The announcement of the 2015 Budget includes changes to the Paid Parental Leave (“PPL”) scheme that seem to contradict the government’s previous statements outlining the purpose of the scheme when it was introduced in 2011.
The changes provide that, from July 2016, employees who receive paid parental leave under their employment agreement will only receive government-funded PPL to make up any shortfall from employer-funded PPL. If the employer does not provide PPL then the employee will be entitled to the full amount of government-funded PPL. Mr Hockey explained that the changes were to avoid the “double-dipping” that exists under the current arrangement.

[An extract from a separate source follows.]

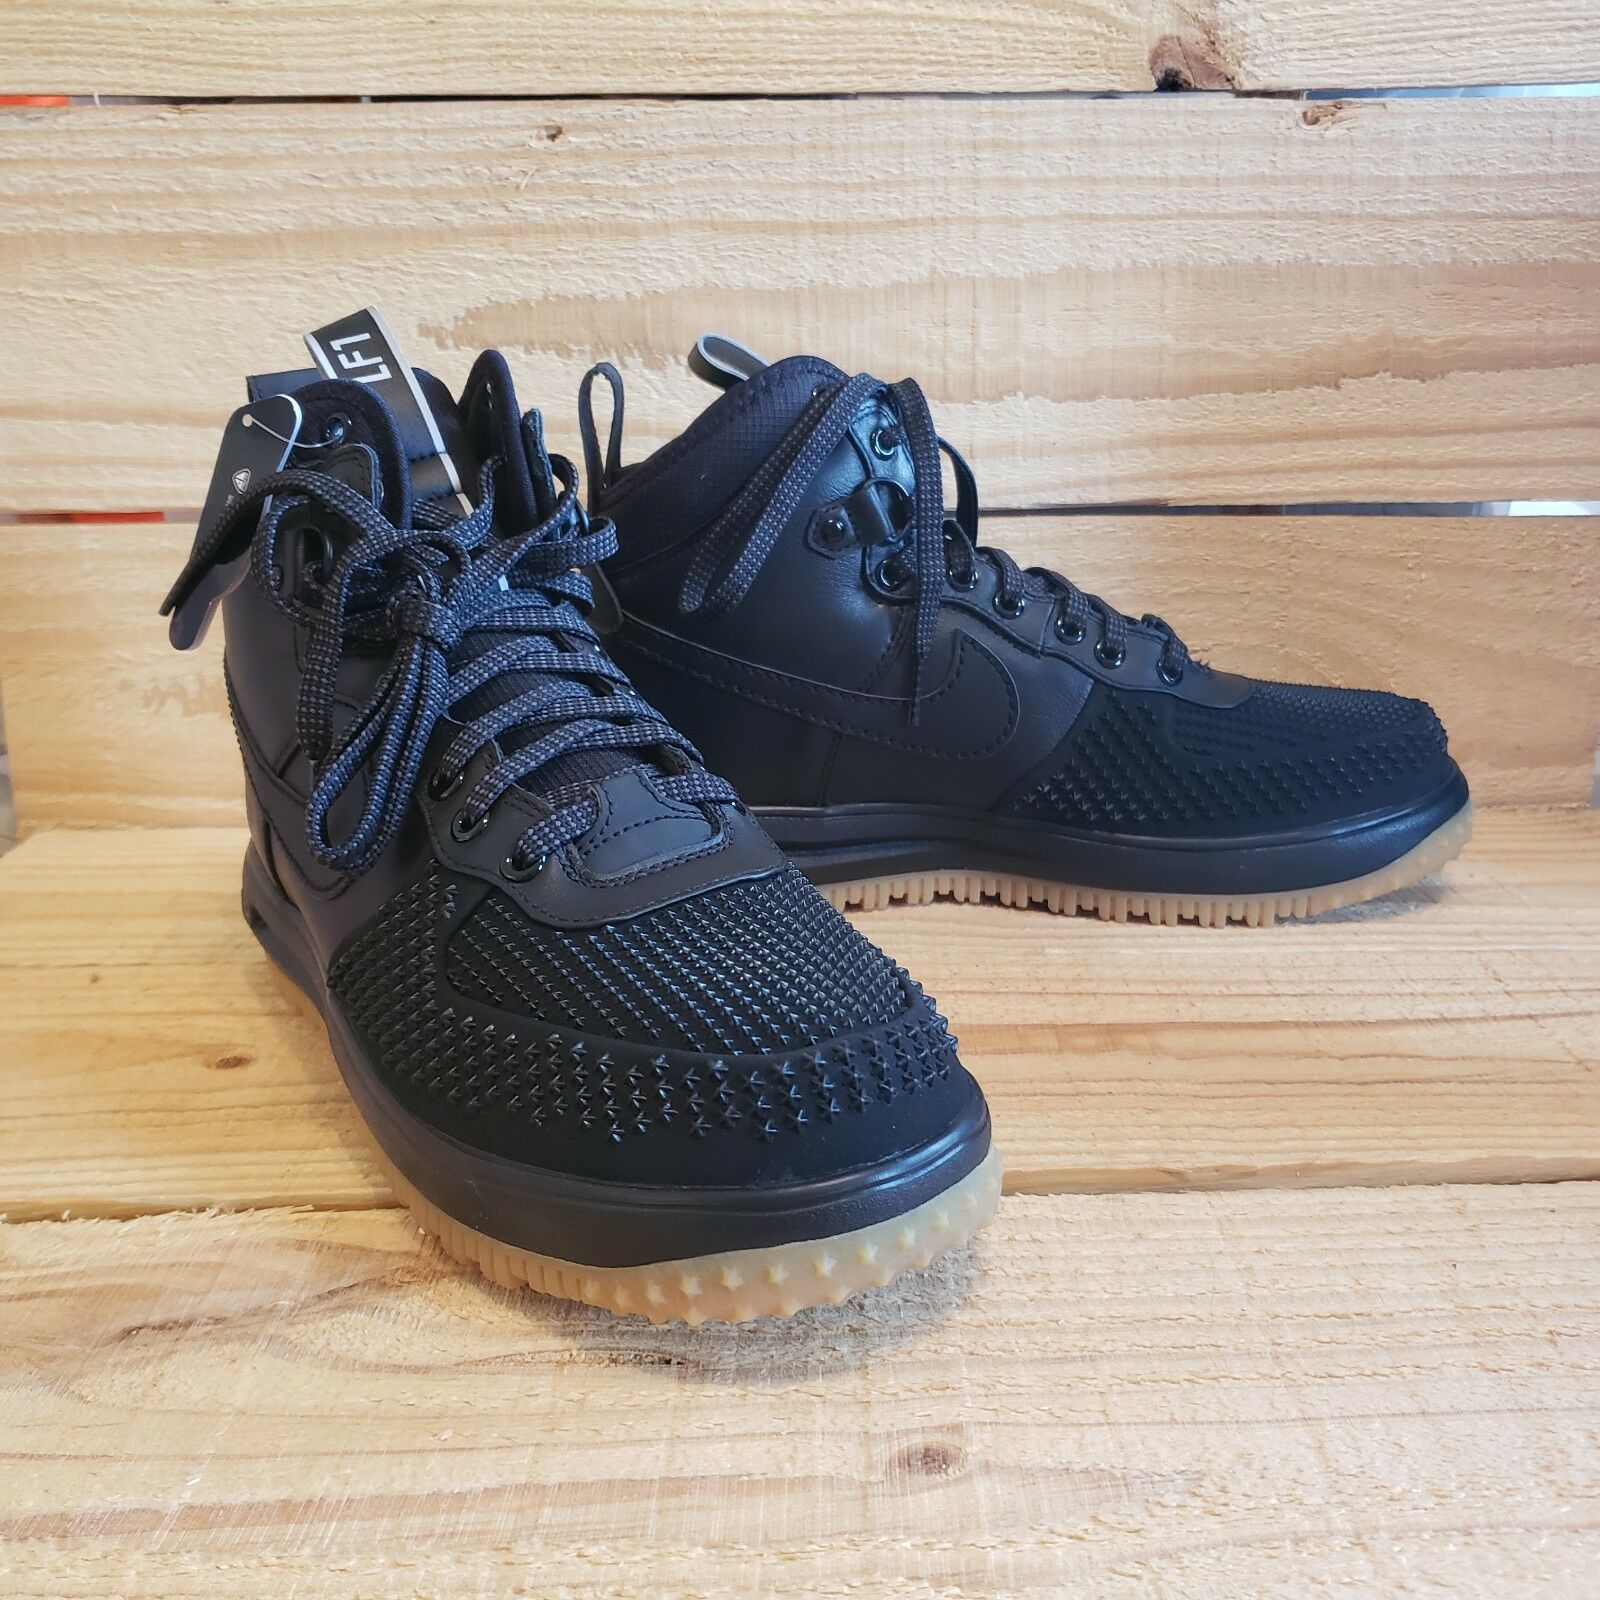 2083adaa06 Nike Lunar Air Force 1 Duckboot AF1 Gum 805899 003 Water Boot Size Black  Silver

Ms. Marian Baird, Sydney University professor and a member of an expert panel evaluating the existing PPL scheme, stated that the PPL scheme was intended to allow women to “complement” their entitlement to employer-funded PPL with government-funded PPL, with a view to women accumulating 26 weeks PPL to assist with early bonding and childcare. Professor Baird stated that “this is an astonishing about-face in policy”.
Impact on Employers
Whilst there is no direct impact on the obligations of employers as to whether or not to provide PPL to employees, it certainly raises longer-term considerations including retention of valued employees and provision of a family-friendly workplace. Employers may consider offering a more generous PPL to make up the shortfall for those employees who, prior to July 2016, would have received an additional $11,500 under the government-fundded PPL.